Charles La Trobe

Charles Joseph La Trobe was an author, artist and ex-missionary who had helped in the dismantling of slavery in the West Indies. When appointed to the Port Philip District of the Colony of New South Wales, the district that was to be Victoria had around 10,000 settlers. Estimates vary, but perhaps ten times this number of Indigenous Australians lived in the same area.

La Trobe's attitude to Indigenous Australians reflects his strong religious faith, but also the attitudes held by society at the time. While he was outraged by the massacres committed by squatters and attempted to curb frontier violence, he failed to see the damage caused by pastoralists and land dispossession.

By the end of his term in office, La Trobe felt that almost every policy regarding Indigenous Australians had failed. He could cite only the Aboriginal Trackers as: "[One] example of success among the many schemes set on foot to raise the aboriginal native in this quarter of New Holland above his natural level..."

The notion of a hierarchy of 'races'- of groups of people being on different levels- can be seen as the foundation of racist thinking during this period.

La Trobe had known about the possibility of gold for some years but he had suppressed wider public awareness to maintain order. He had greater problems before 1850, like the transportation of convicts and the colony's financial difficulties. The last thing La Trobe needed was more disruption:

The towns of Melbourne & Geelong, and their large suburbs, have been, in appearance, almost emptied of many classes of their male inhabitants. Cottages are deserted, houses to let, business at a stand-still, and even schools are closed. In some of the suburbs not a man is left...

- C J La Trobe

La Trobe, C J 1851, Despatch by La Trobe to Earl Grey of the Colonial office. Unpublished manuscript from the State Library Collection.

La Trobe's decision to tax the miners aggressively and his failure to solve the land problem are counted as his worst mistakes during this period. But the problems he faced were to some degree unprecedented; this was one of the largest movements of people the modern world had ever seen.

Amid increasing pressure, La Trobe submitted his resignation late in 1852, but was not relieved until 1854. This period, where La Trobe hesitated to act and failed to balance the colony's budget is often cited as another flaw in a man whose colony had now grown to more than 300,000 settlers.
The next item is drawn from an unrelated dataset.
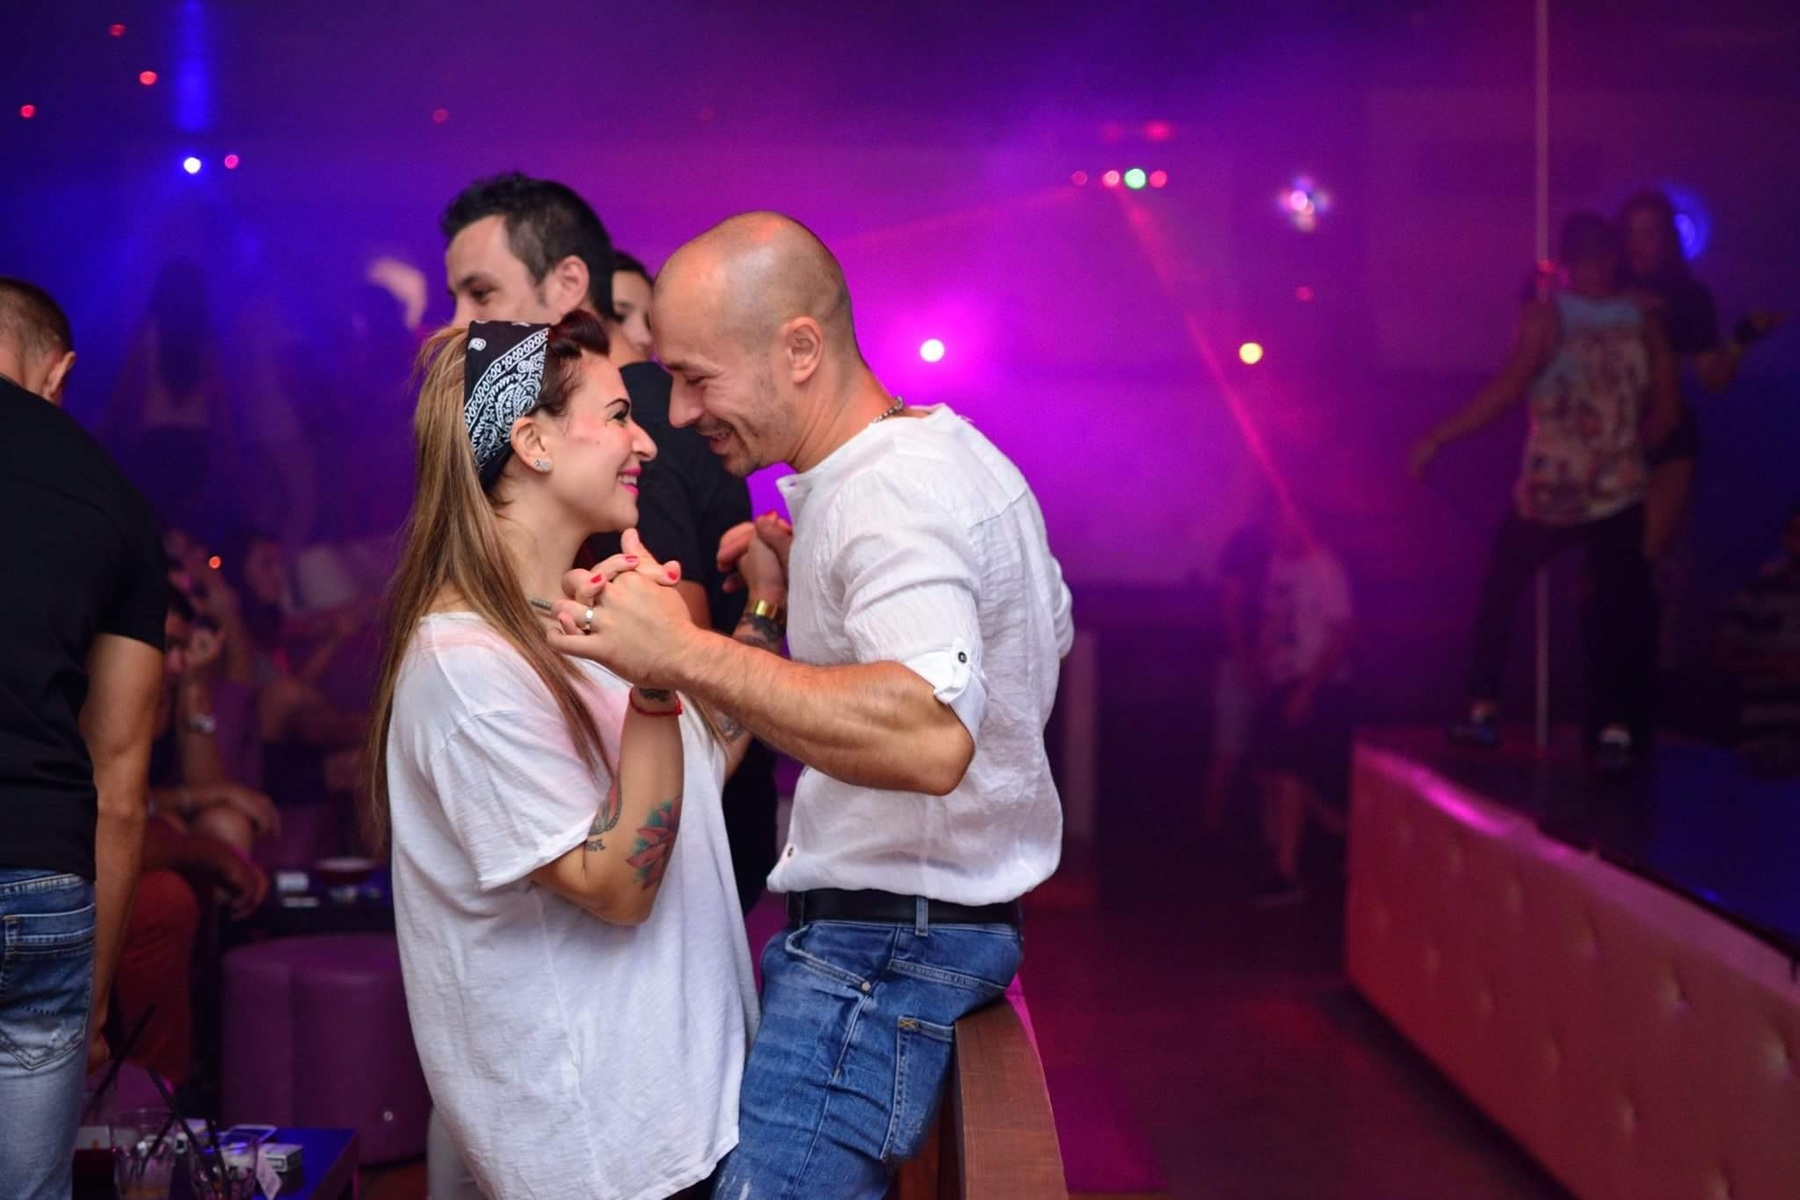 Coyote Fly Riga Riga's (Latvia) Best Night Club and Bar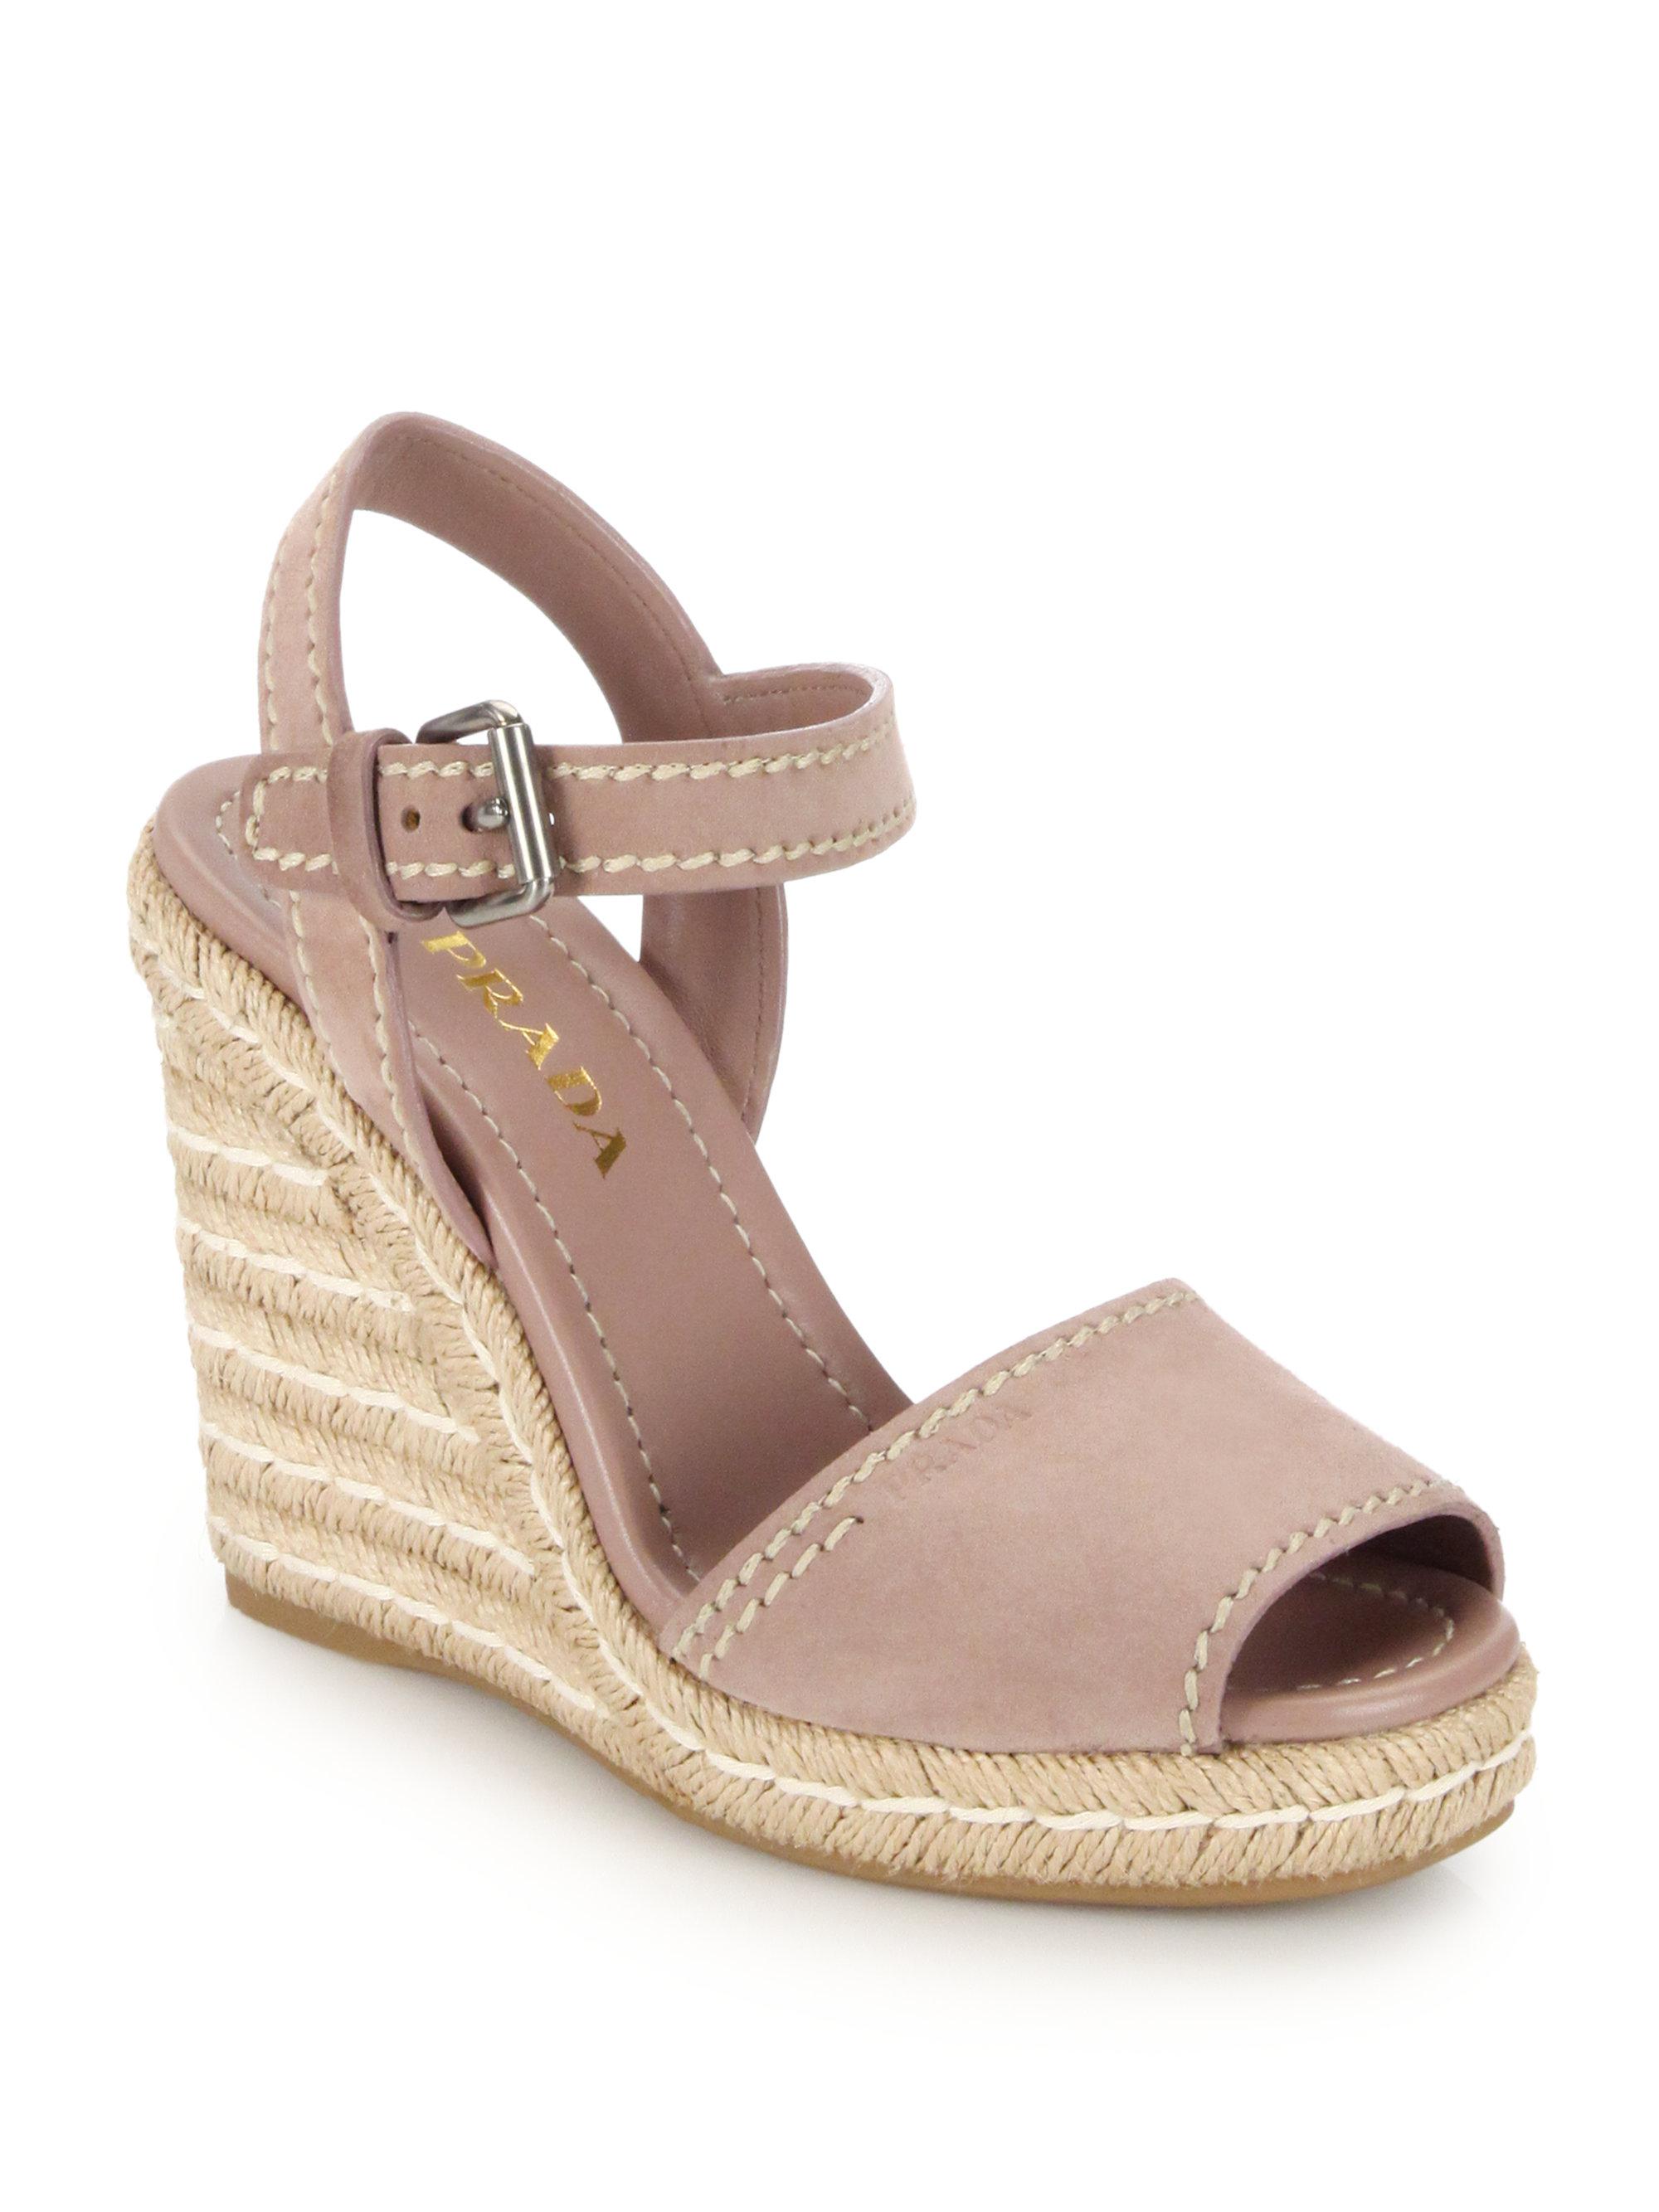 Lyst Prada Suede Peep Toe Espadrille Sandals In Pink

He suffered a personal blow with the news of the death of his wife who had left to prepare the new family home in Switzerland.

Admirers of La Trobe can point to many achievements. He secured Melbourne's water supply, the Yan Yean Reservoir; he established and reserved space in the city for parks and began work on institutions like the public library and university.

Critics see La Trobe as a man who preferred to 'wait out' the passions of an event rather than act decisively. In this way he could be seen as allowing the tensions behind the licenses, and the lack of land available for colonists, to build and build. It would be a situation that his successor Hotham would be forced to confront.